**Work required**:
The task for the listing below is to write out exactly the lines starting at the one containing "Cohete Volando En" and ending at the one containing "Hondentrimsalon Raymonda", both included. Pictures are to be omitted.

**Information provided**:
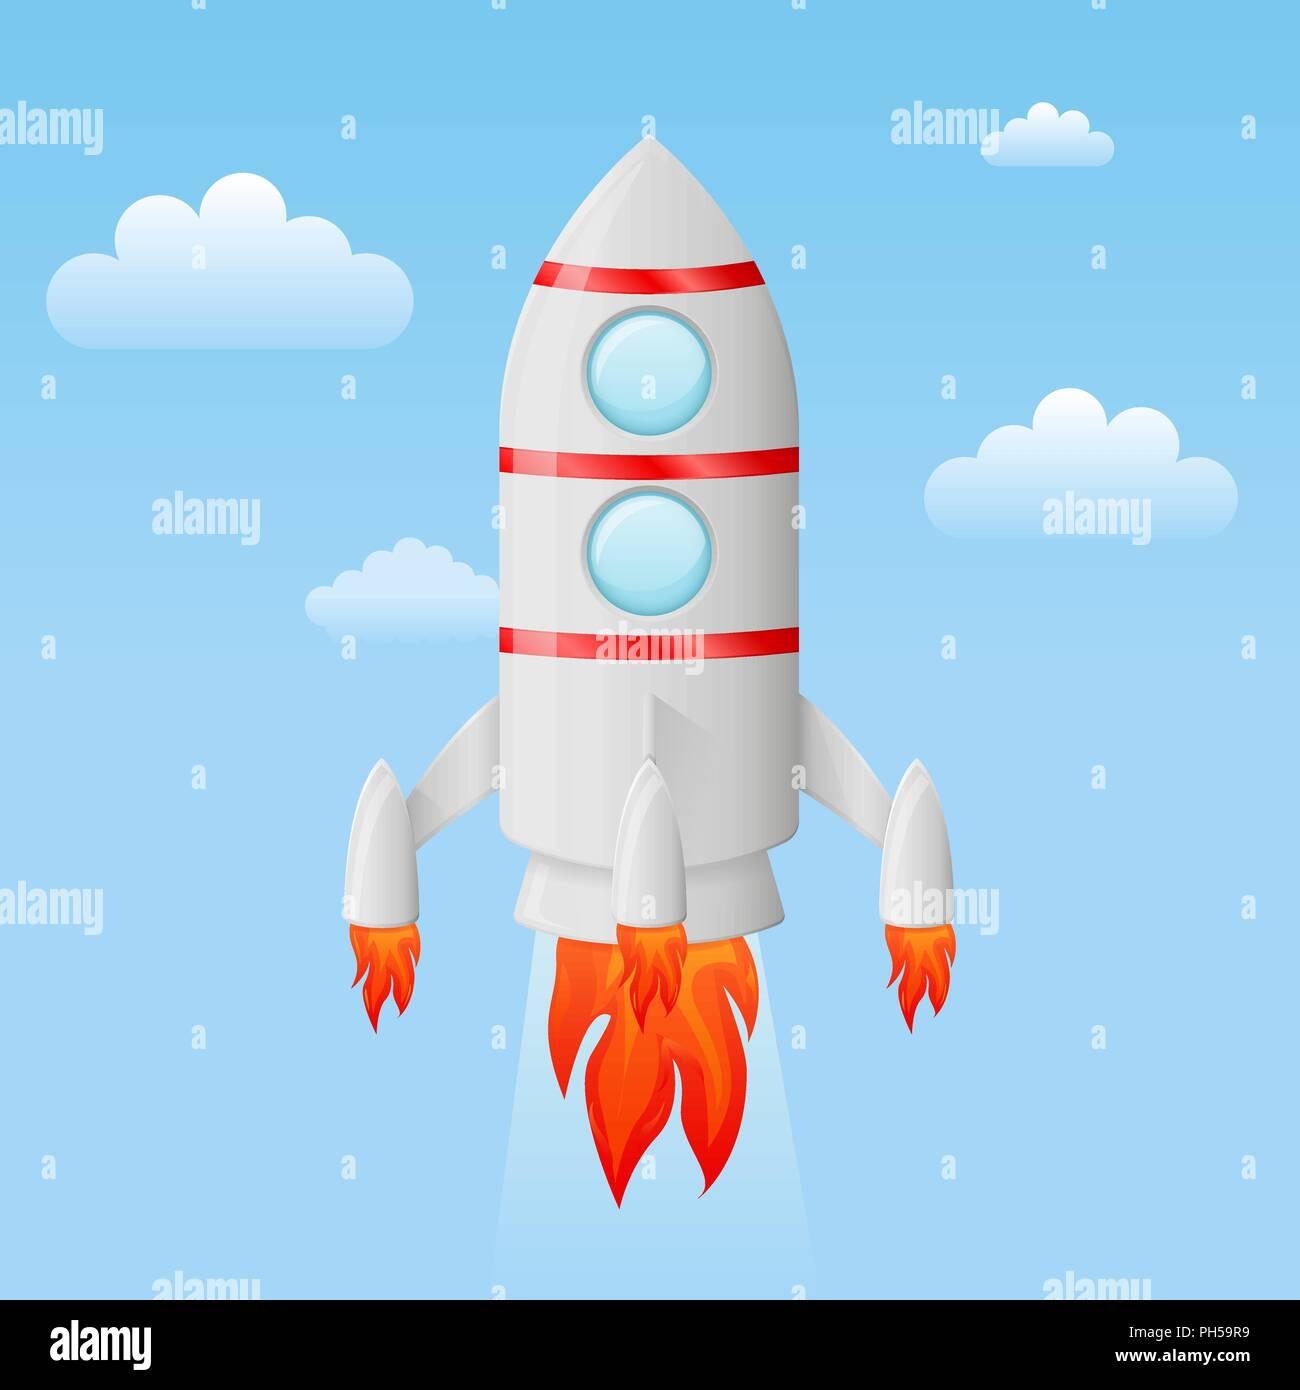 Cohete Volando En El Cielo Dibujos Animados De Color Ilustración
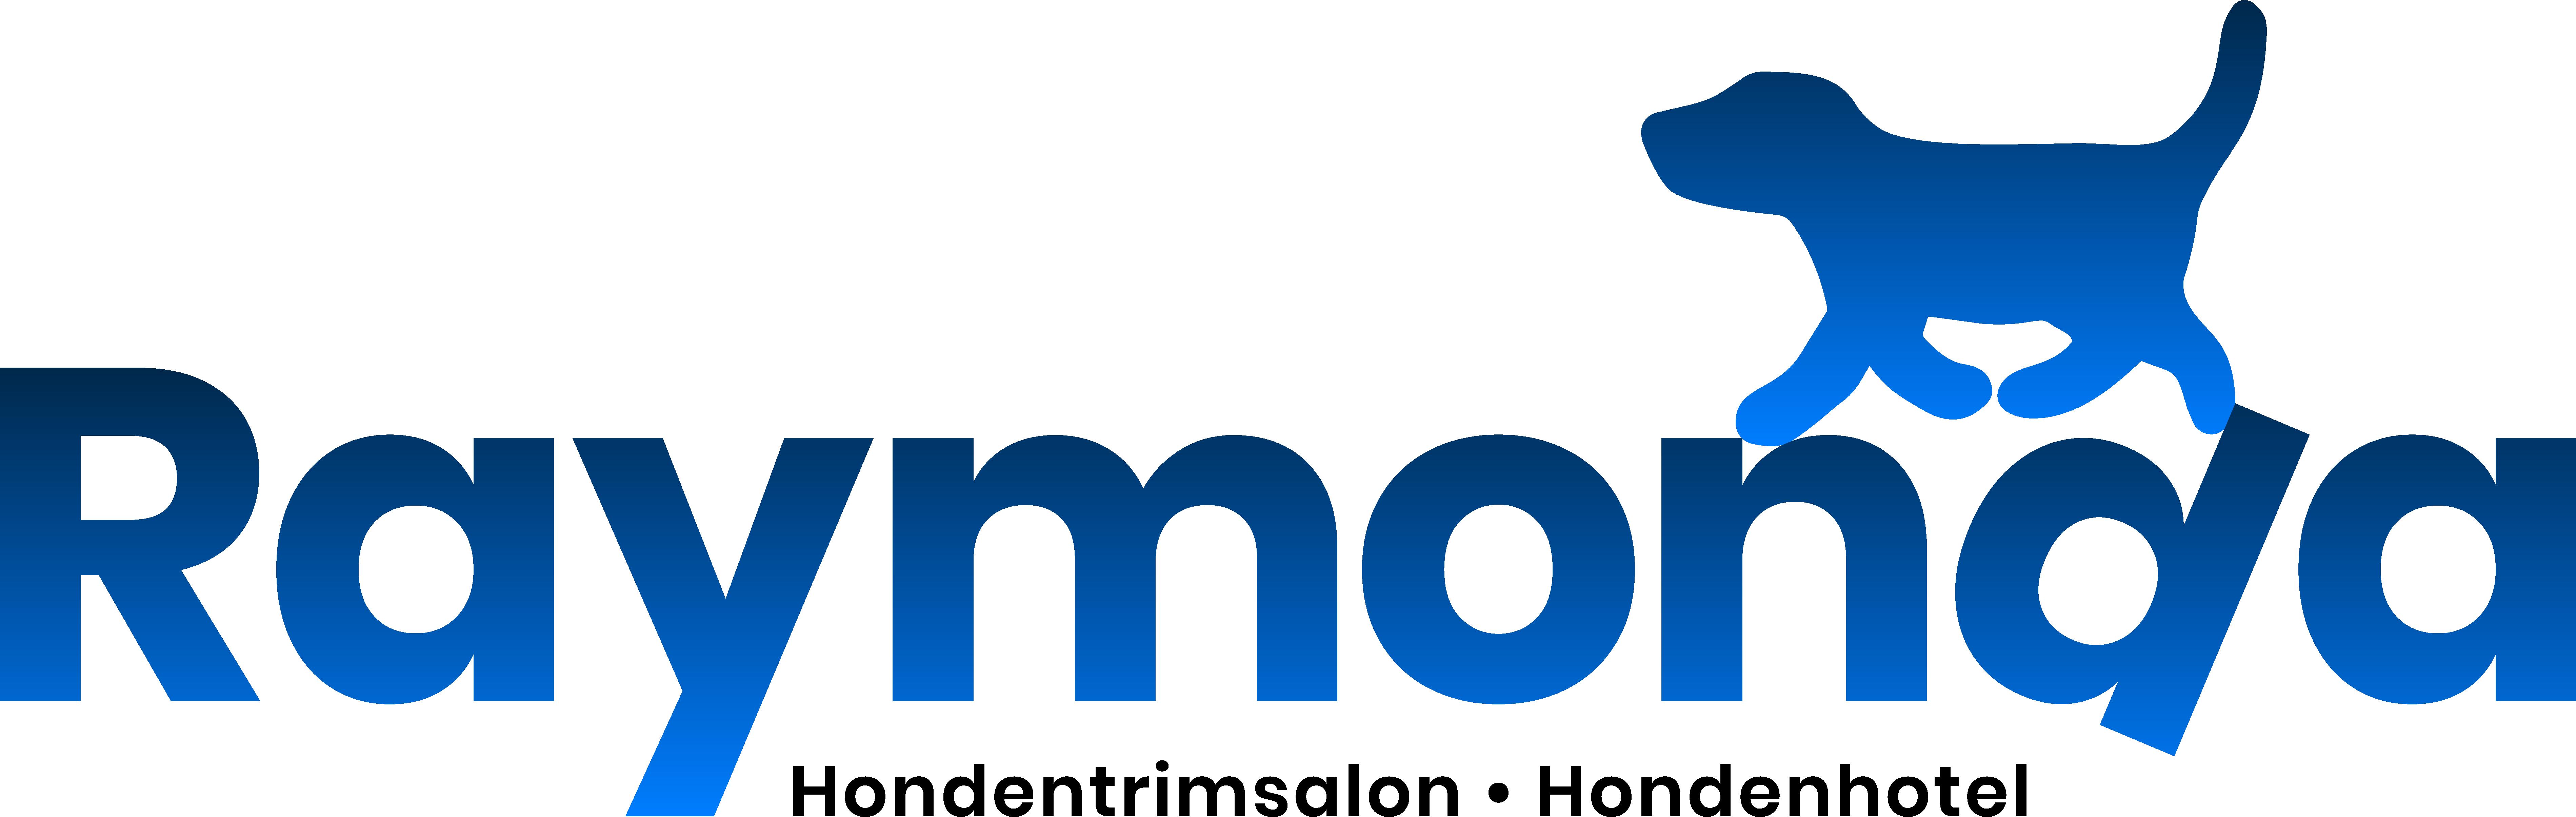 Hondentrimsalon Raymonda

---

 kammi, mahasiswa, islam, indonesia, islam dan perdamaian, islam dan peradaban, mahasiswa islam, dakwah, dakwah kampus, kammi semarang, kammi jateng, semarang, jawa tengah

**Finished exercise**:
 Cohete Volando En El Cielo Dibujos Animados De Color Ilustración
 Hondentrimsalon Raymonda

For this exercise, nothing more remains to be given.